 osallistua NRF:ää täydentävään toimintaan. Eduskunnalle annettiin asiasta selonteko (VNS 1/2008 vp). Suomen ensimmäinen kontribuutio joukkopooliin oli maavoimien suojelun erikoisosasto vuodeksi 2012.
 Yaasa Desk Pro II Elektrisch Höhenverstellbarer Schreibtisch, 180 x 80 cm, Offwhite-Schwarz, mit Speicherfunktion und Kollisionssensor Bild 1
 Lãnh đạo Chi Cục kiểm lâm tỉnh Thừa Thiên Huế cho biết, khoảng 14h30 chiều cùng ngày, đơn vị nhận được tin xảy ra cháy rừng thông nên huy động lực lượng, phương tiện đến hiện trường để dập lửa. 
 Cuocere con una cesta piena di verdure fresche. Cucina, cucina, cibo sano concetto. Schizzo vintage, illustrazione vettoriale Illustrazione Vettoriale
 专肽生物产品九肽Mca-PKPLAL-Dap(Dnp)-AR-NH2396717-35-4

^^^^^^^^^^^^^^^^

▶ WHAT THE TASK REQUIRES
Only the lines from the first line of the records through the line with "Yaasa Desk Pro" should be reproduced, exactly and with nothing added.

▶ RESULT FOR THIS EXERCISE
 osallistua NRF:ää täydentävään toimintaan. Eduskunnalle annettiin asiasta selonteko (VNS 1/2008 vp). Suomen ensimmäinen kontribuutio joukkopooliin oli maavoimien suojelun erikoisosasto vuodeksi 2012.
 Yaasa Desk Pro II Elektrisch Höhenverstellbarer Schreibtisch, 180 x 80 cm, Offwhite-Schwarz, mit Speicherfunktion und Kollisionssensor Bild 1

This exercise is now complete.